Дед задумался, синеватые глаза его со скорбью обвели стоявший вокруг пасеки лес. И Павлик тоже посмотрел кругом, прислушался к шепоту листьев,— в этом шепоте ему почудились тревога и жалоба.
— Еще пиши,— тихо сказал дед.— «А ежели это ваше решение, граждане начальники, и другого от беспощадного голоду выходу нет, как рубить лес, то и рубить его надо, чтобы, значит, молодь не трогать, не изничтожать, и потому тут надзор нужен самый строгий, а какой же может быть над этим Глотовым надзор, ежели он самый хам и жулик и мне предлагал вместе с ним пайки у мужиков воровать и промеж нас двоих делить... Ни бога, ни совести у этого Иуды вовсе нету, ему бы только потуже карман набить, поздоровее холку нажрать, а что люди с голоду мрут, что от всего Подлесного половина едва живая осталась — ему не касаемо. И за ним, за этим Глотовым, вот какой глаз да глаз нужен, помяните мое слово. И ежели кто из вас не приедет, тут будет и лесу полный разор, и лесорубам пайки будут укороченные. А я этого Глотова из кордону выгнал и для острастки из берданки пулянул, чтобы знал, паскуда, что не все кругом воры да продажники. И приехать прошу скоро, а то я его, гниду, где-нибудь ночью все равно пристрелю за его изуверство,— до самого смертоубийства я теперь дошел, нету мне никакого удержу...»
— Господи боже мой! — всплеснула руками бабушка.
— Цыть! — повел в ее сторону посветлевшими глазами дед.
И бабушка сразу стихла.
Дед подумал, потеребил бородку, подошел и из-за спины Павлика пристально посмотрел на исписанный бумажный лист.
— Все теперь,— сказал он строго.— Хотя стой! Пиши еще раз: «Христом богом прошу, приезжайте, хотя вы в него и не верите. И еще под этим письмом подписуется жена моя Анастасея и внук Павел, чтобы вы всему написанному верили...»

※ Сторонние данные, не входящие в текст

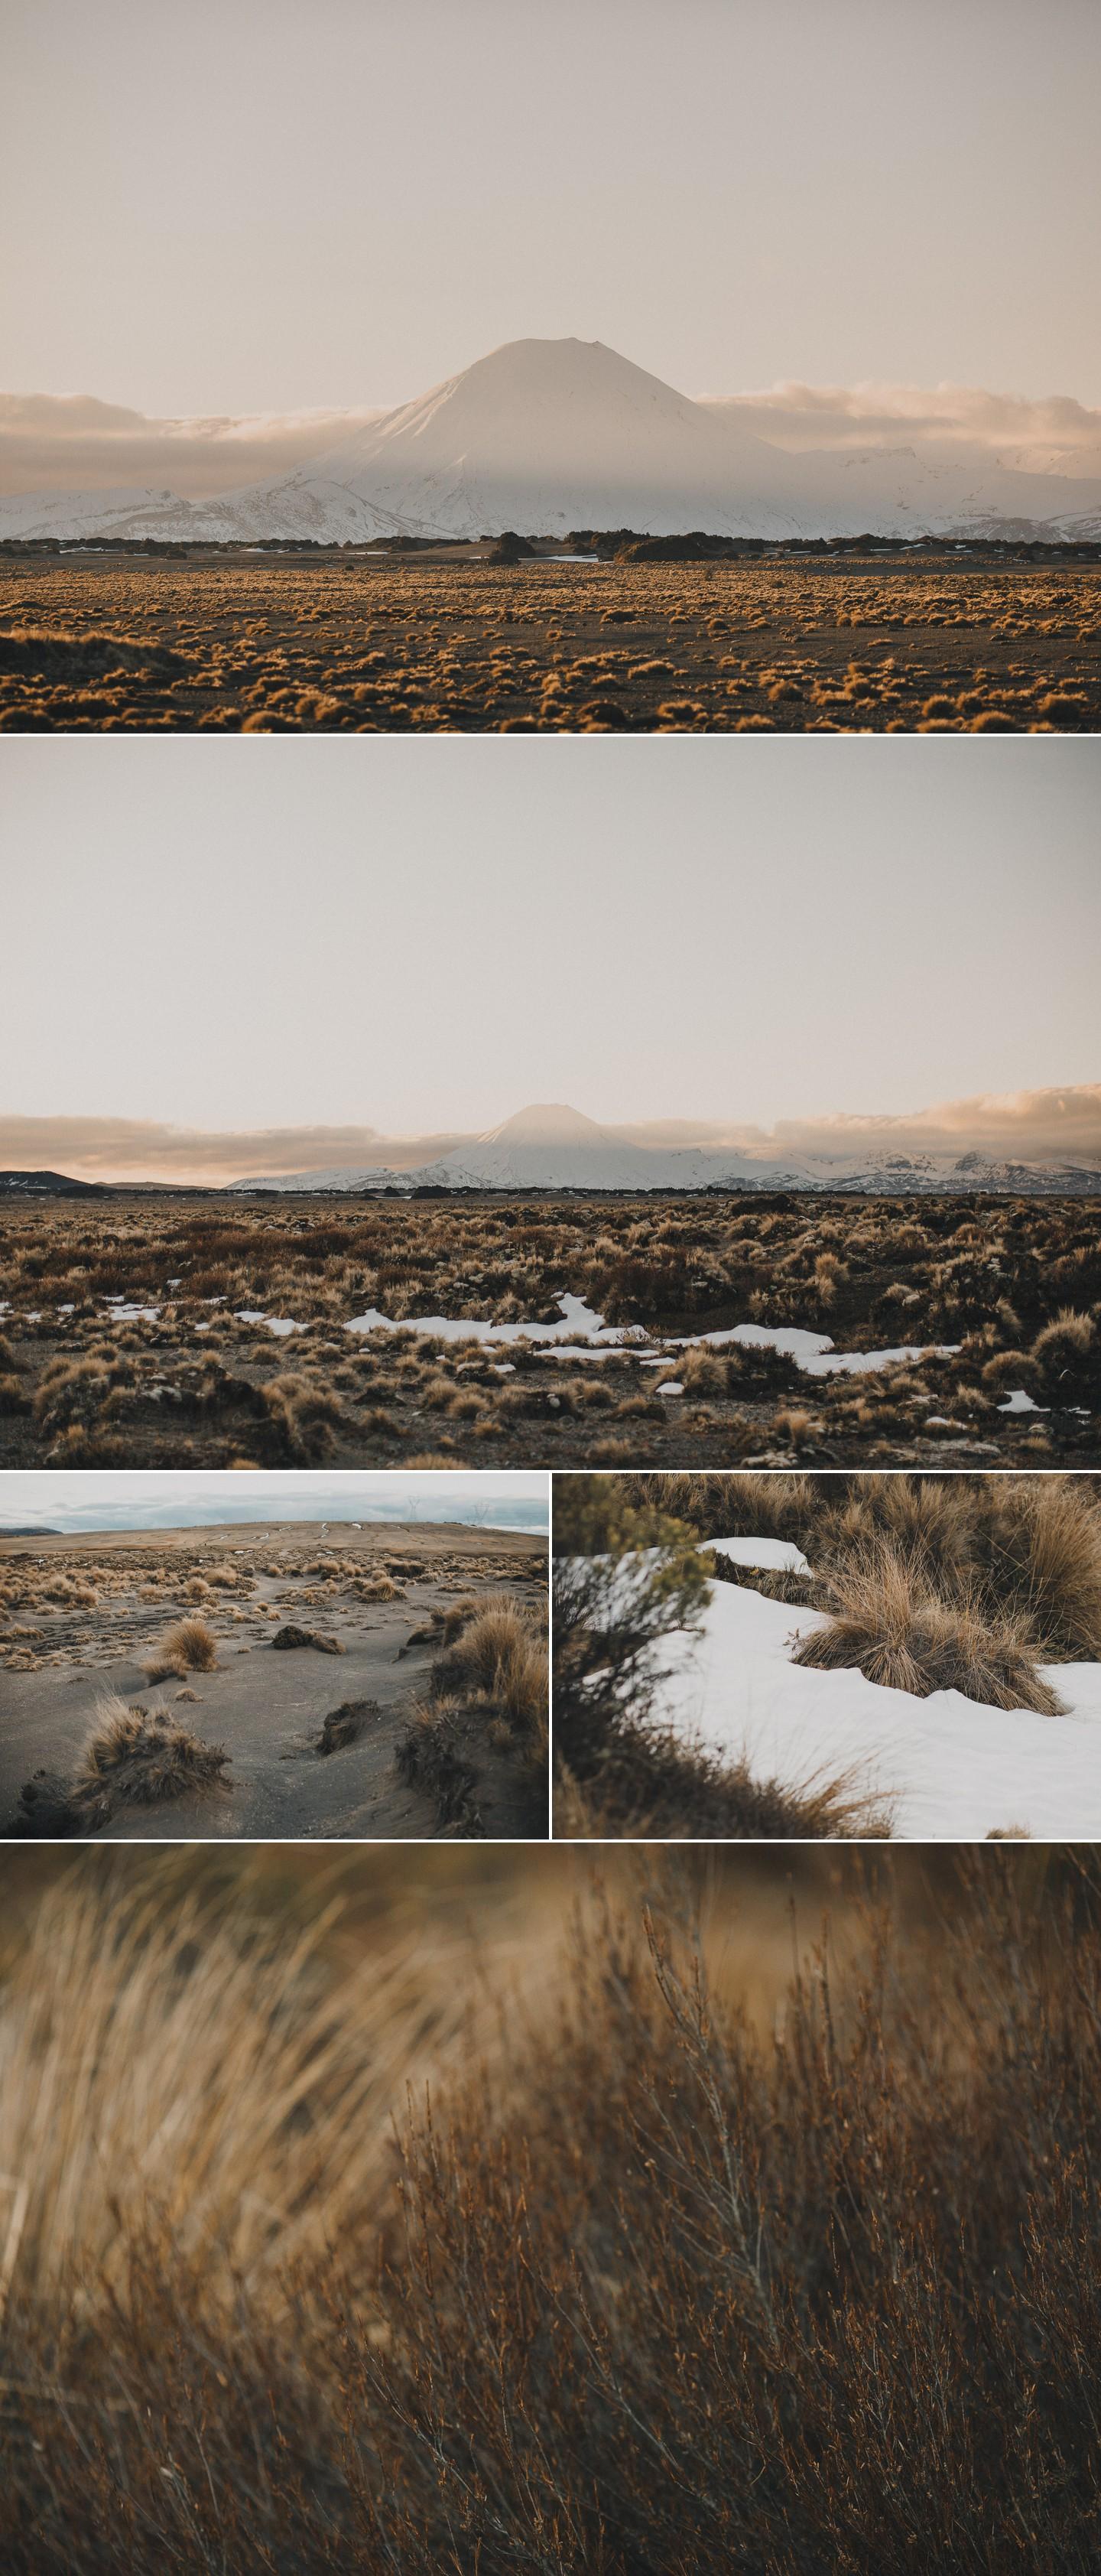 Desert road New Zealand in August

И, молча взяв у Павлика карандаш, дед большими корявыми буквами вывел: «Лесник дачи Стенькины Дубы». И расписался. Потом, властно глянув на бабушку, протянул ей карандаш.
— Так ведь неграмотная я! — виновато прошептала бабка, вставая.
— Крест ставь! Да побольше, побольше, чего скупишься!.. Теперь ты, Павел...
Бережно сложив исписанный лист, дед спрятал его в карман, надел картуз, взял берданку.
— И куда же ты теперь, отец? — со страхом спросила бабушка.
— В Подлесное, на почту,— помедлив, ответил дед.— Там укажут, какой адрес ставить... Я бы и до самой губернии дошел, да, глядишь, они завтра-послезавтра наедут, грабители! — и погрозил кому-то в пространство кулаком.
Теперь Павлик каждое утро просыпался с надеждой: сегодня придет ответ на их письмо или приедет кто-нибудь, кто сумеет помешать рубке леса. Надежда эта крепла день ото дня, так как ни Глотов, ни его лесорубы в Стенькиных Дубах не появлялись, и лес, не зная о надвигавшейся на него беде, по-прежнему спокойно шумел своими вершинами, как шумит море в не запятнанный ни одним облаком летний день, успокаивая и заставляя думать о чем-то далеком, хорошем, немного грустном и, наверно, несбыточном.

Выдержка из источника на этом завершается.